** Excerpted records follows **

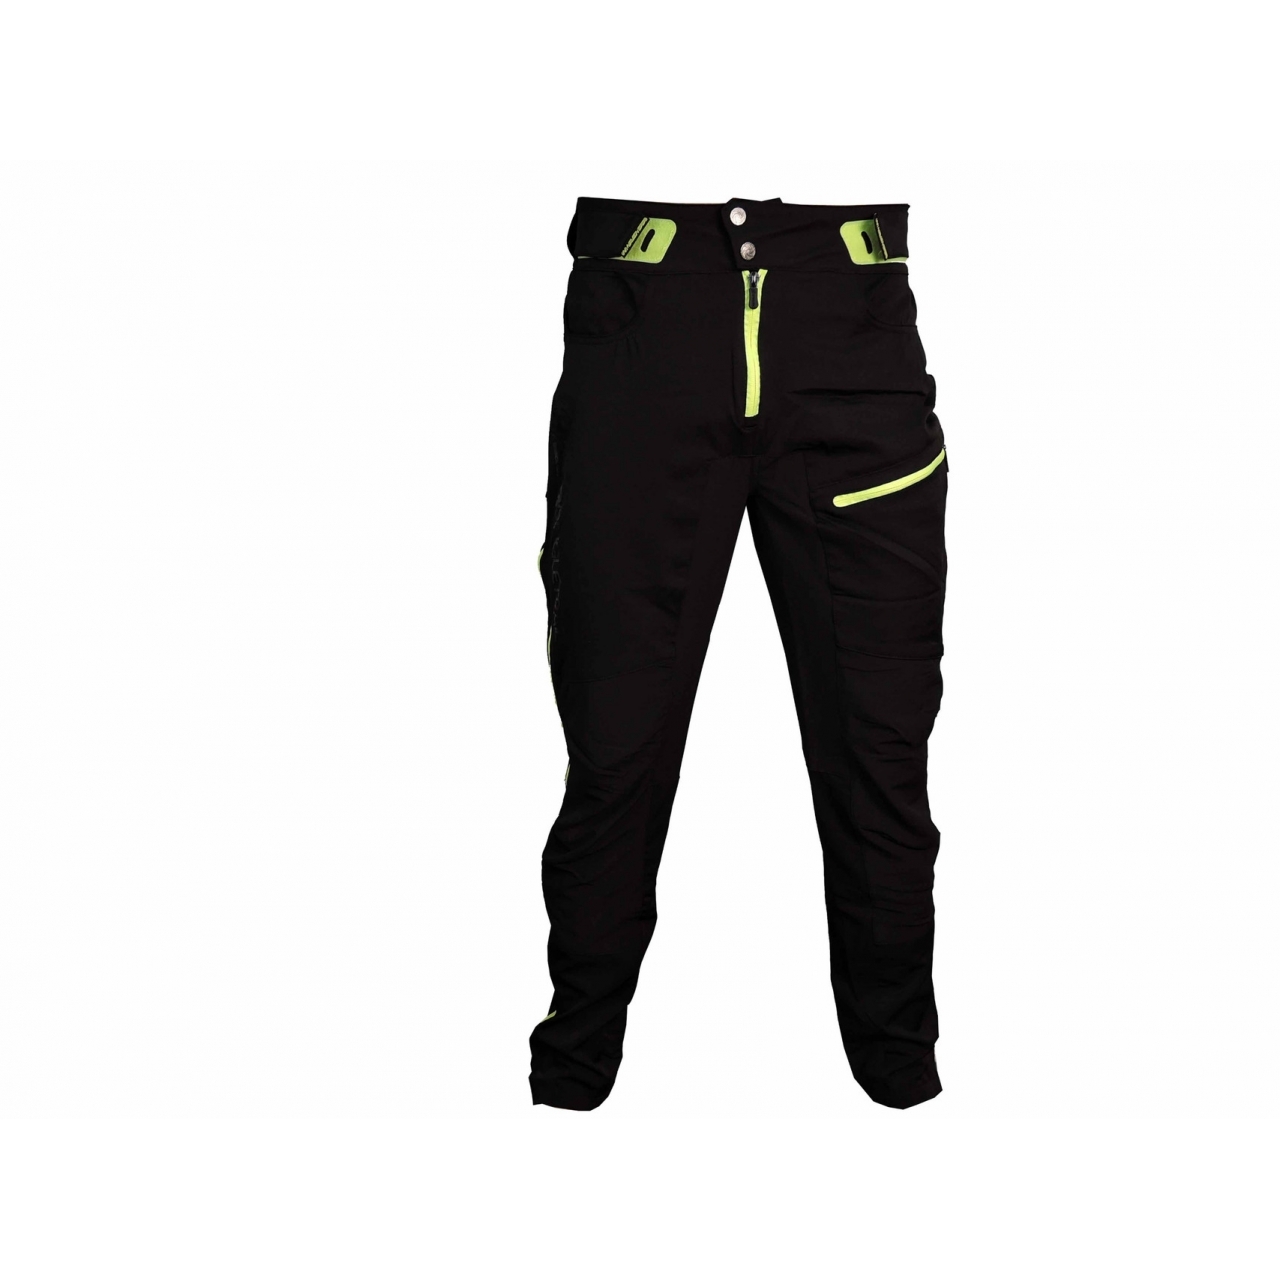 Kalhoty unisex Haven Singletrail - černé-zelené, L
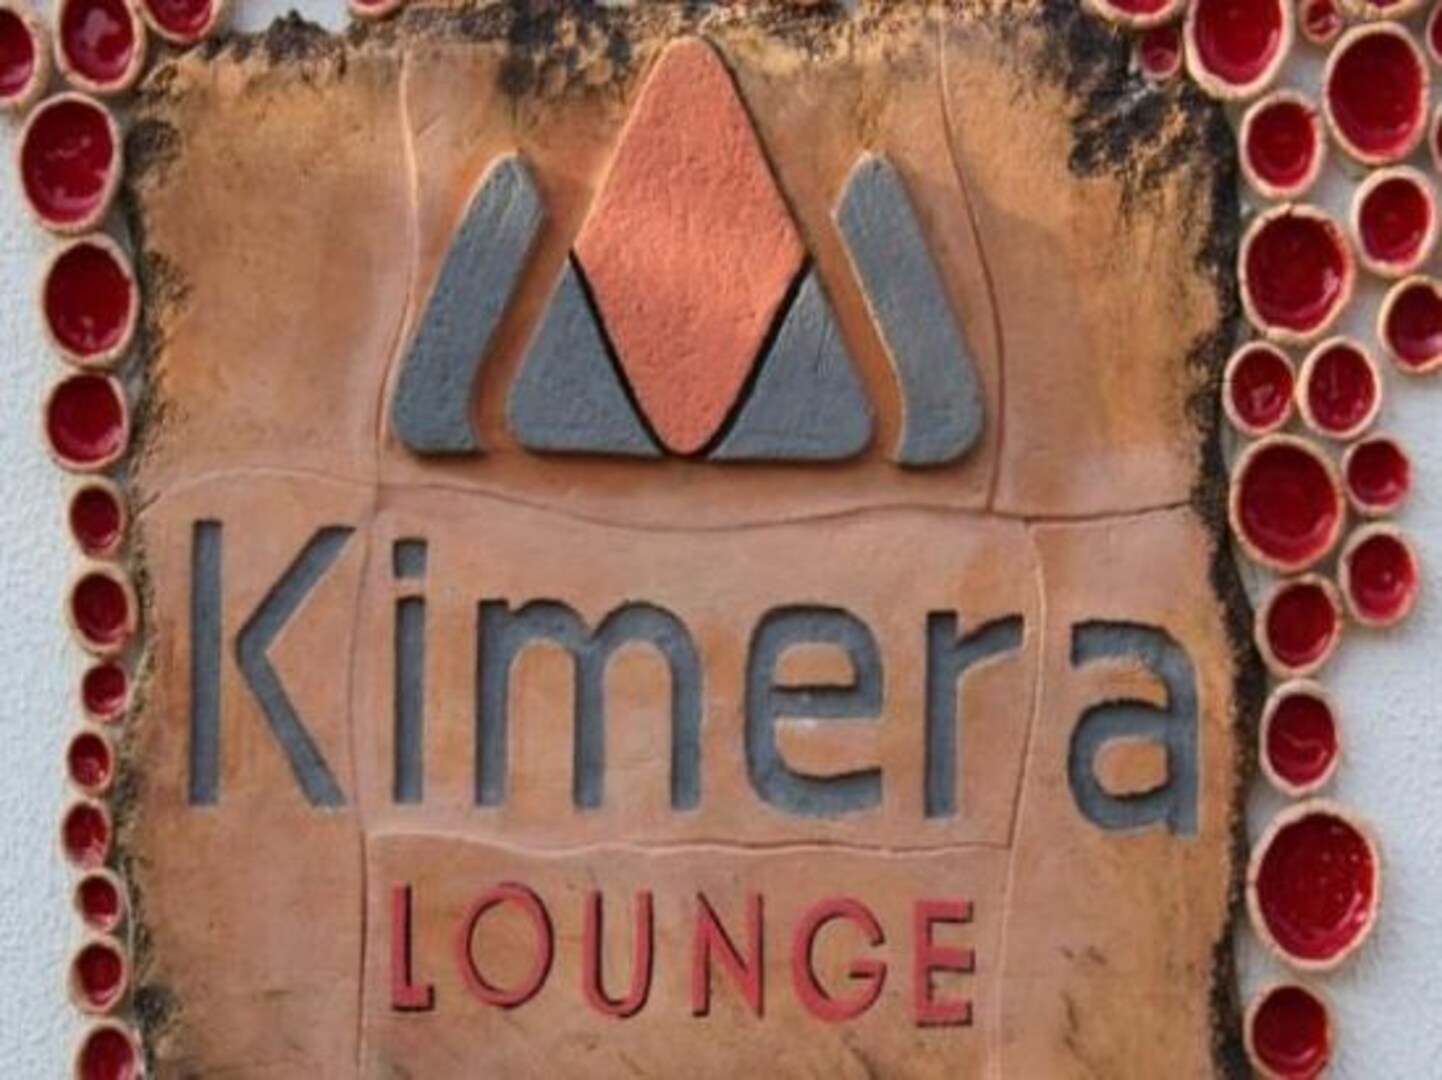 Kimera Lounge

** End of Excerpted records **
** Excerpted records follows **

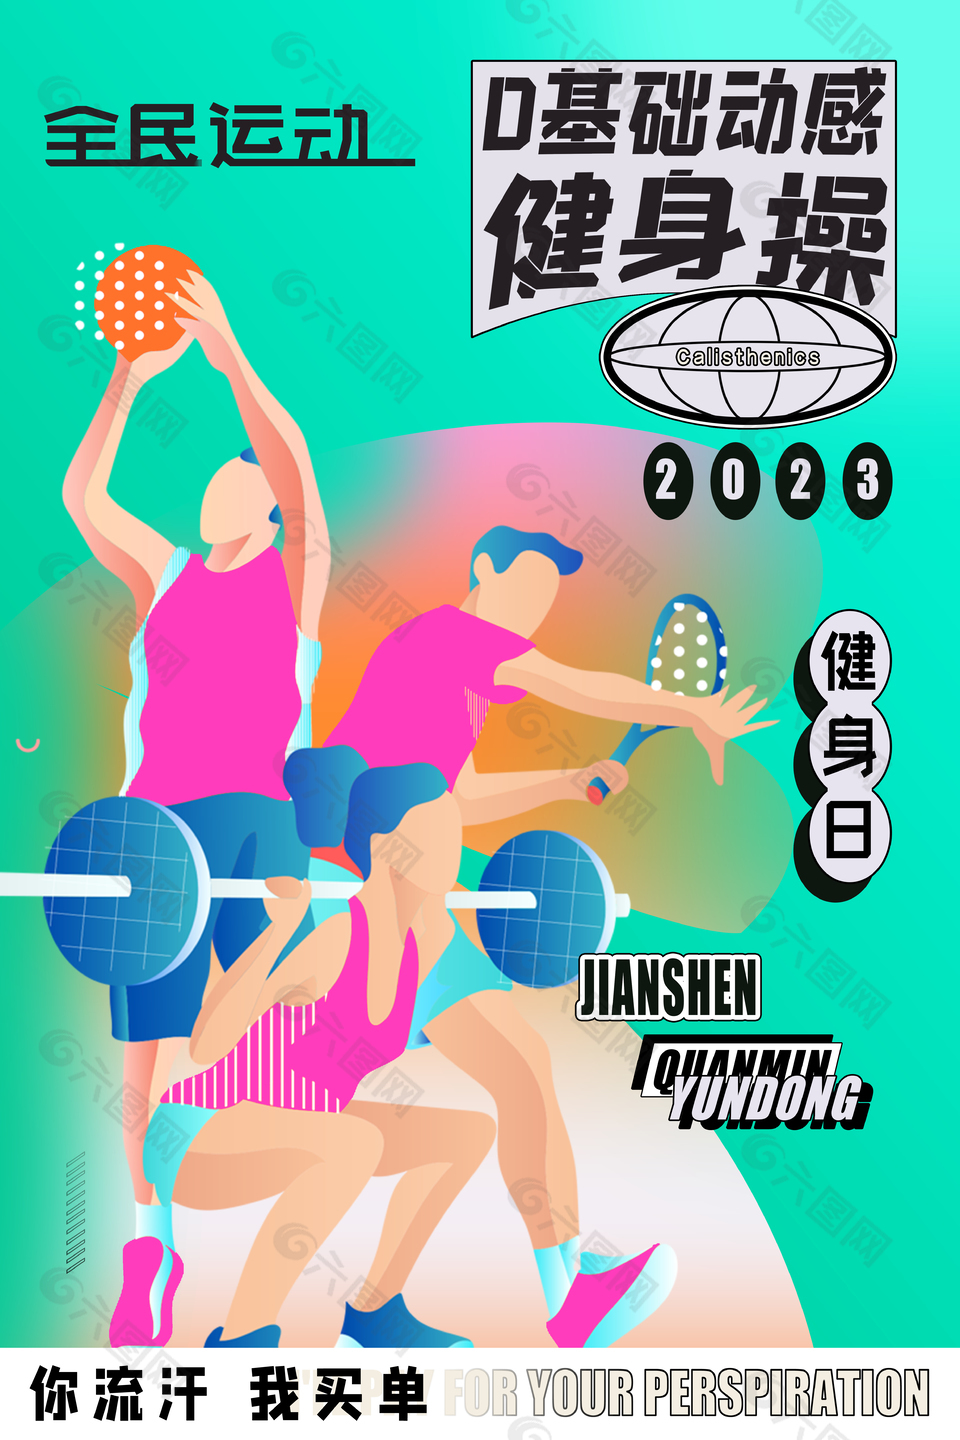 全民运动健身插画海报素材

** End of Excerpted records **

### What you need to do
Beginning at the line above that contains "Kalhoty unisex Haven", repeat each line exactly through the one that contains "Kimera Lounge", and leave out the pictures.

### Solution
 Kalhoty unisex Haven Singletrail - černé-zelené, L
 Kimera Lounge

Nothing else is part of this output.